Uçak, hızlı, pratik ve de güvenli olması sebebi ile günümüzün en sık kullanılan ulaşım araçlarından biridir. Ve uçuşlar, bir kısmına aşina olduğumuz bazı riskler barındırıyor. Uçak yolculukları genellikle kısa sürdüğü ve yolcu konforu esas alındığı için sevilir. Bizzat ben de çileli otobüs, araç vb. ulaşım araçları yerine ne olduğunu anlamadan varmak istediğim yerde olmayı seviyor ve uçak tercih ediyorum. Ama bazı rotalar var ki uçak yolculukları 8, 10 ve daha uzun saatler sürebiliyor. Az önce de belirttiğim gibi (o belirtmek de değil, direkt bağırmak oldu, birkaç cümle kadar susamadım hemen ikide attı kendini parmak uçlarımdan) uzun uçak yolculuklarının sağlık açısından bazı riskleri bulunuyor. Böyle planlarınız yoksa bile her yolcunun bilmesi gerekli görülen riskleri ve onları önlemenin yollarına bir göz atmak isterseniz, ekranınızı biraz kaydırabilirsiniz.

Sıvı kaybı

Uçak kabinlerindeki nem oranı genellikle %20’den azdır. Bu kuru havanın bir de az oksijen ile birleşmesi sıvı kaybına neden olabilir. Kahve veya alkollü içecekler idrar söktürücü etkileri sebebi ile sıvı kaybını hızlandırır. Dolayısıyla kısa uçuşlar için fazla bir etkisi olmasa da uzun süreli uçuşlar için aynı şey geçerli değil.

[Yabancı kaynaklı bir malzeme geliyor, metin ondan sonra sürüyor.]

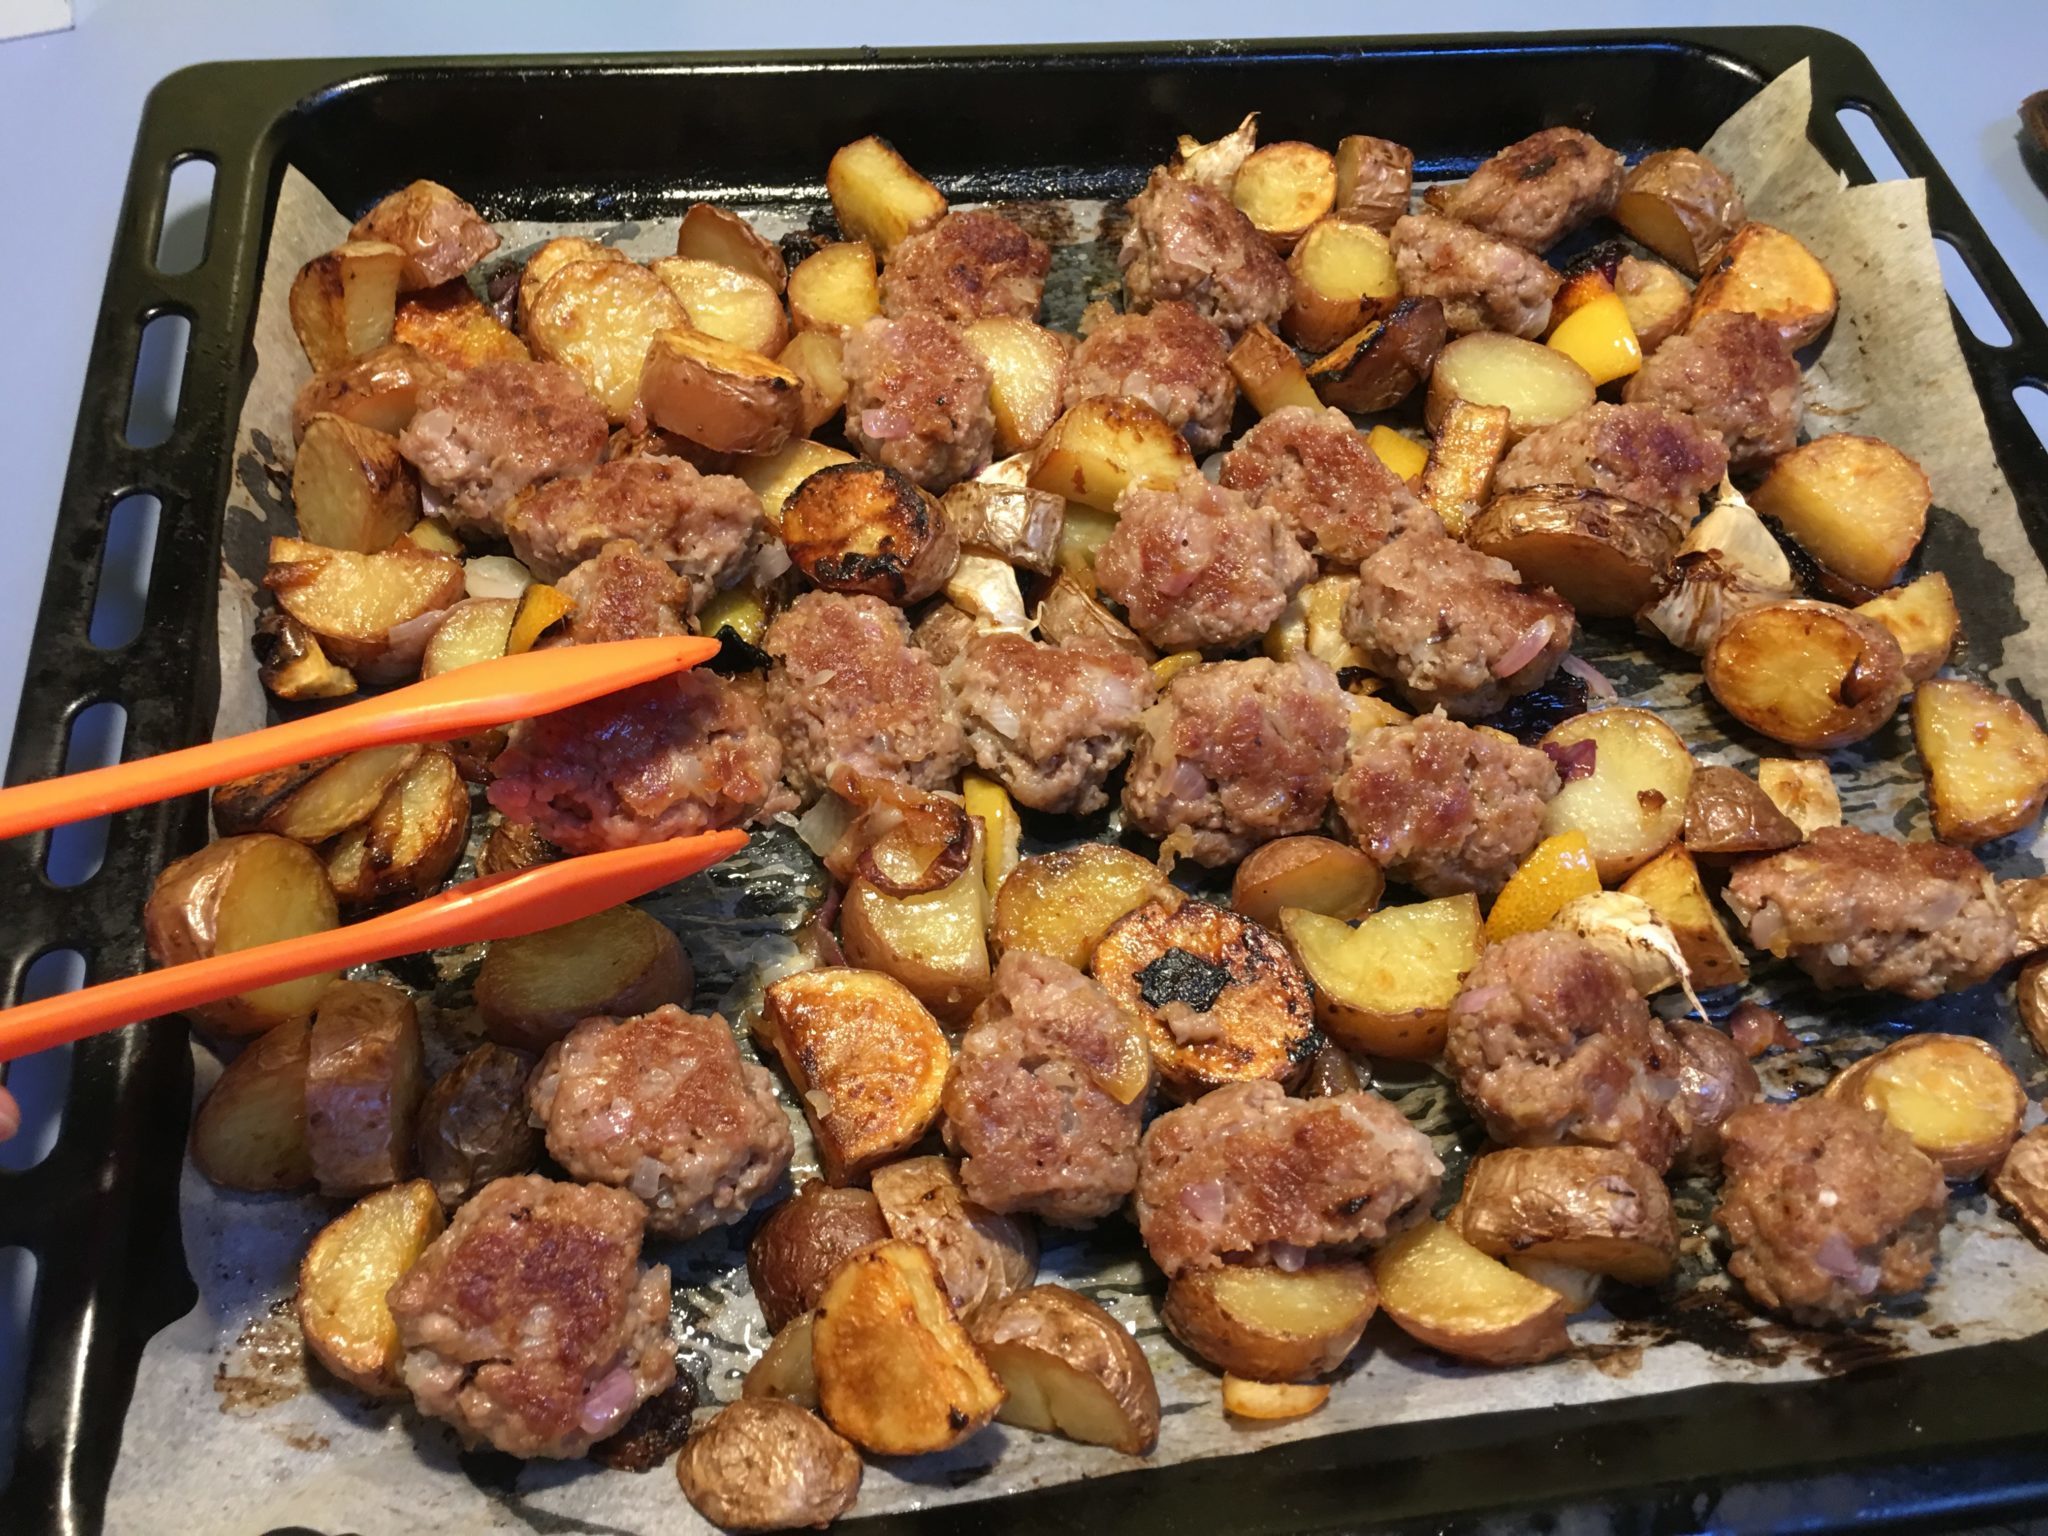 Polpette e patate al forno per principianti - polpette girate a metà cottura

Bol sıvı kaybettiğiniz bir uçuşun sonunda daha asabi, daha yorgun ve daha dağınık dikkatli olabilirsiniz. Bunları önlemenin en basit yolu, uçuş öncesi ve esnasında bolca sıvı tüketmektir. Uçuş esnasındaki ikramlar, bence de bazen çok cezbedici olabiliyor.  Ama ilerleyen saatlerde başınızın ağrımasını istemiyorsanız tercihinizi sudan yana yapmanız daha sağlıklı olacaktır.

Enfeksiyon

Uçak yolculuklarında yaşanan sıvı kaybı, mukus tabakasının kurumasına neden olur. Mukus tabakasının kuruması ise bağışıklık sisteminizi olumsuz yönde etkiler. Birçok insan ile aynı havayı saatlerce solumak, ortak alanları paylaşmak uçuşların enfeksiyon riskini artıyor. Elbette uçaklar her uçuş öncesi temizleniyor ve temizlenir. Ancak yine de önlem almış olmak için kemer tokası ve katlanır masa gibi yerleri kullanmadan önce silebilirsiniz.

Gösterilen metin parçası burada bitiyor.